望舒没回答,但行动说明一切,她把螭龙抽出来,横在面前,滟滟生光。
我想靠近,却只被斜过来一眼,“你一边去,我要替我娘教训下那混蛋男人的徒弟。”
“我怕你一个人打不过他。”我小声说。
“切,上次的箭不是一下被我砍断了?”
我还想说点什么,那边却已经发动,同样地,望舒也把我一推,前去迎战。
这下我真的到一边去了,不仅是因为望舒不希望我参与,实际上我也很难参与,两个人踩着玄奥的步法斗成一团,刀箭不时相交激起的巨大灵力在山谷中震荡,我不得不紧紧捂着未痊愈的伤口,收束妖灵,否则血都会从中喷出来。
我看着他们打斗,有点迷茫了,按说能与狩月弓相匹敌的,全天下只有倾天噬魂两把灵刃,难道她是其中一把?但我第一次见她打化蛇的时候,她的力量不过而而;还有一种可能是这个狩月是冒牌货,但这也说不通,因为他的箭可是在我,堂堂一只饕餮,身上射穿了一个碗口大的伤口,我的常识和自尊都告诉我他必然是狩月弓的持有者。
而我突然想起来,在女孩晕倒的时候,我曾经给她疏通过经络,当时我的感觉就怪怪的,而最终我不得不倾尽全力贯通了她的章门穴,难道是这件事情给她带来了如此的影响?
我这样想着,那边斗争得越发激烈,狩月手上张弓,虚射灵箭,那箭在空中摇尾一变,化为九条白色灵索,紧紧裹住螭龙剑,仿佛九条白色的小蛇游缠住一条青龙,而那青龙就在里面左挣右脱,想要摆脱这束缚。
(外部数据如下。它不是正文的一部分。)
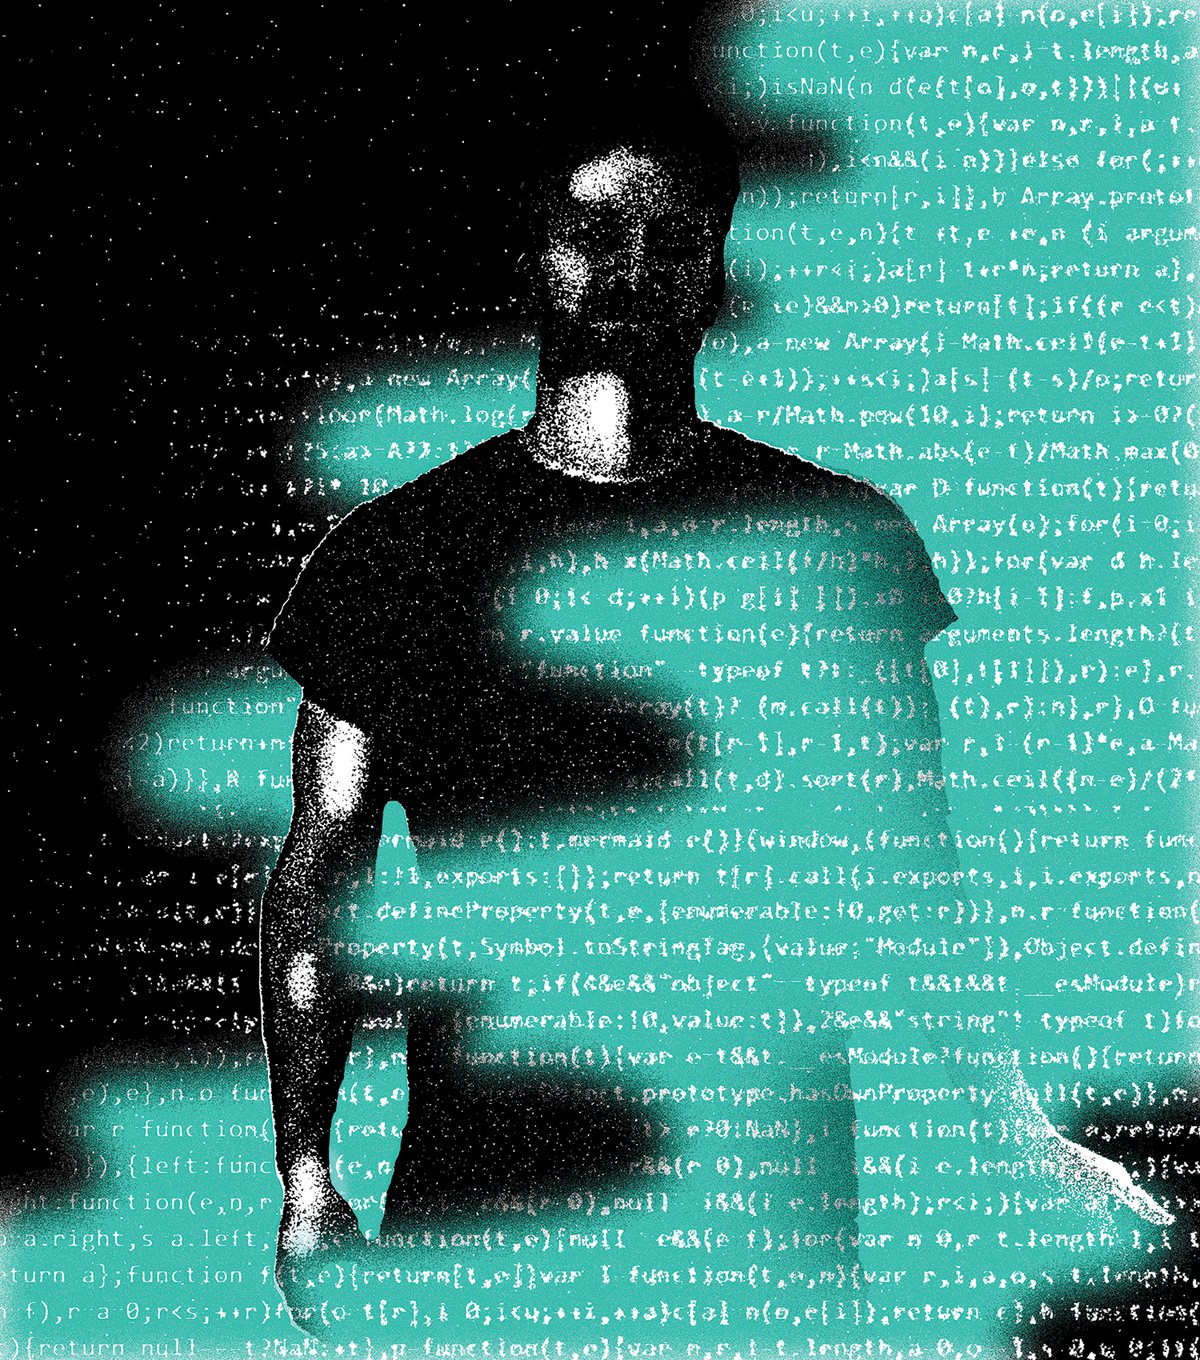 An illustration of a man with code overlaying the image.

两边的主人各自离开三步,屏息剑指,默念发力。
从他们的神情中,我能看出谁更艰苦一些,果然,慢慢地,青金色的光芒从白光的束缚中渐渐鼓胀出来,终于,金芒一闪,如同带着“破”地一声,九条白色锁链同时断裂,消迩在弥漫的金色中。
狩月咳地一声,倒退数步,一只脚没站稳,一下半跪在地上,手里银色的灵弓也同时变细变小。
望舒追过去,将螭龙飞回手里,照着灵弓斩下,狩月下意识一挥,但此时的狩月弓已经完全挡不住螭龙剑,弓弦在刀锋上轻脆地折断,灵力四散,不能维持形状,整把弓化为虚有。
“怎样?”望舒收了剑,望着半跪在她面前的狩月。
然而我处在低处,看见狩月垂着的脸上,有一丝不自觉的笑意。
“小——”
我一个“心”字还没喊出来,只见狩月扶在地上那只手突然紧握一支箭,单独的一支箭,没有弓……谁说一支箭不能当单手的灵刃用?
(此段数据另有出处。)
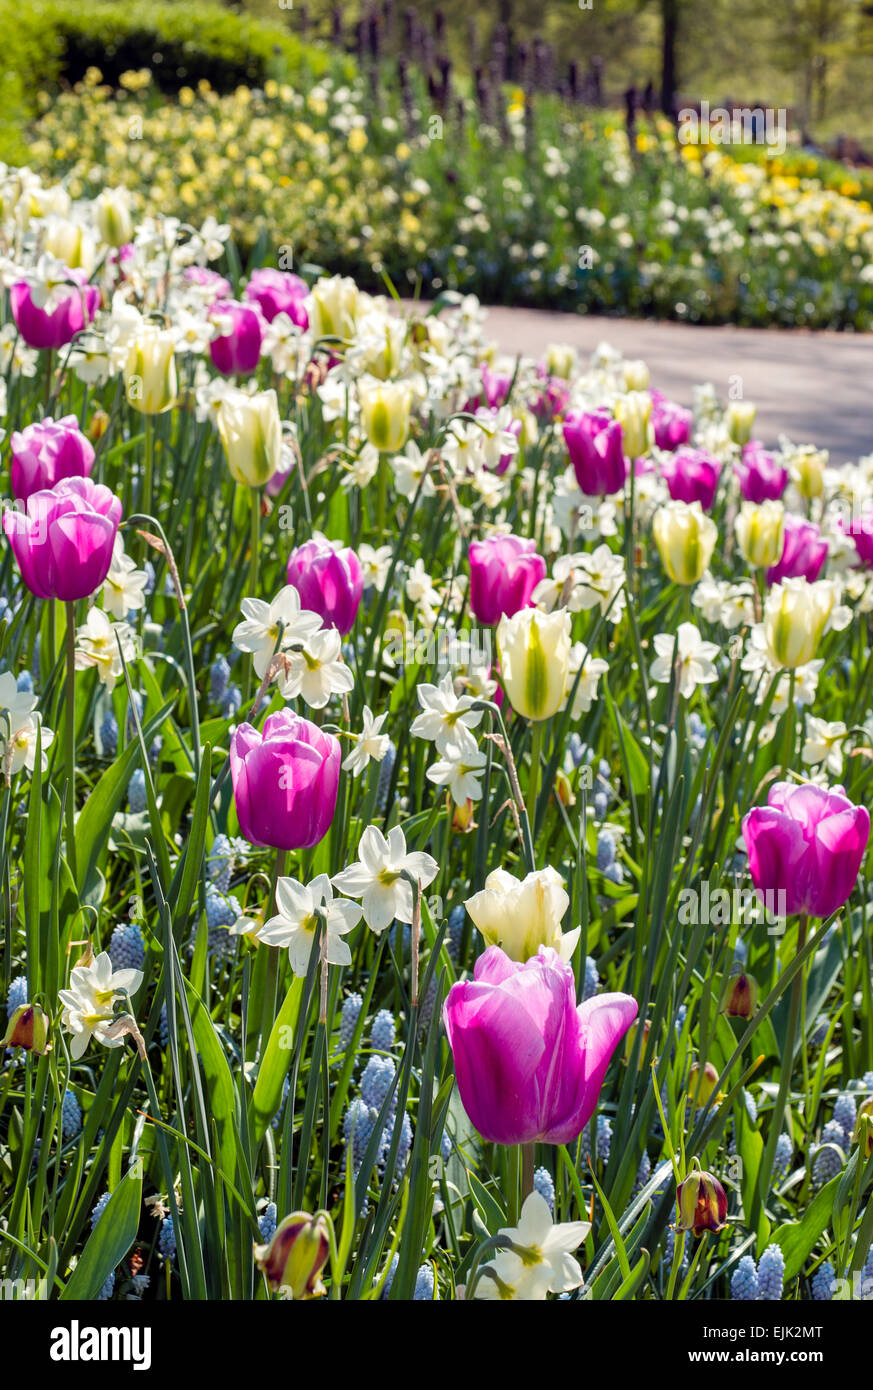 Spring flower bed with pink, magenta and white tulips (Tulipa) and white narcissus in a park Stock Photo

“气若疾兔,腕如灵蛇,锁于内关,发于合谷!旋腕扣手——击!!”
我明白了,先前狩月的动作,一半也许是不敌,却也有一半是故意示弱,将灵力收束、蓄积,然后一触而发,这想必是他久练的一招。此时那箭协裹着巨大的灵压斩向螭龙,望舒本来已经收了灵力,没有防备,只听锵地一声,刀箭相击,一朵刺目的光晕瞬间扩散,让我别过头用力眨了下眼睛。
再看时,望舒半坐在地上,呆呆怔住,她的手上,只剩短短一截青色——比一个剑把多不了多少。
狩月呼呼地喘着气,他手上的箭也断了,但他还是摇摇晃晃地站起来,似乎想证明他是获胜者。但不管怎么说,看得出来,两个人拼尽了灵力,此时都是强弩之末。
我扶住山石,同样长出了一口气,如果你想象一下在炮火连天的战场上趴几十分钟的感觉,就能理解我现在也很不舒服。
我还在想现在该怎么办,突然,
一股腥臊的风强烈刺激了我的鼻子,天色一下变暗,地上的树叶纷纷扬起,在我们身边打着旋儿。
我猛地想起,我们是为什么而来的,这在刚才激烈的打斗中完全被忘记了!
一只硕大的黑影慢慢出现在狩月身后,从暗风和尘土中现形,跟图影画的一样,长了三个头,一个头上一个眼睛,一个头后脑几乎是瘪的,还有一个头上只有一个硕大的嘴和长长的舌头。
我和望舒都愣了片刻,而狩月还扶着膝盖在调整气息,对危险浑然不知。直到他抬起头,看到我们的表情,同时那怪兽也一昂头,发出“混——沌——”的一声吼叫,一口向他咬下。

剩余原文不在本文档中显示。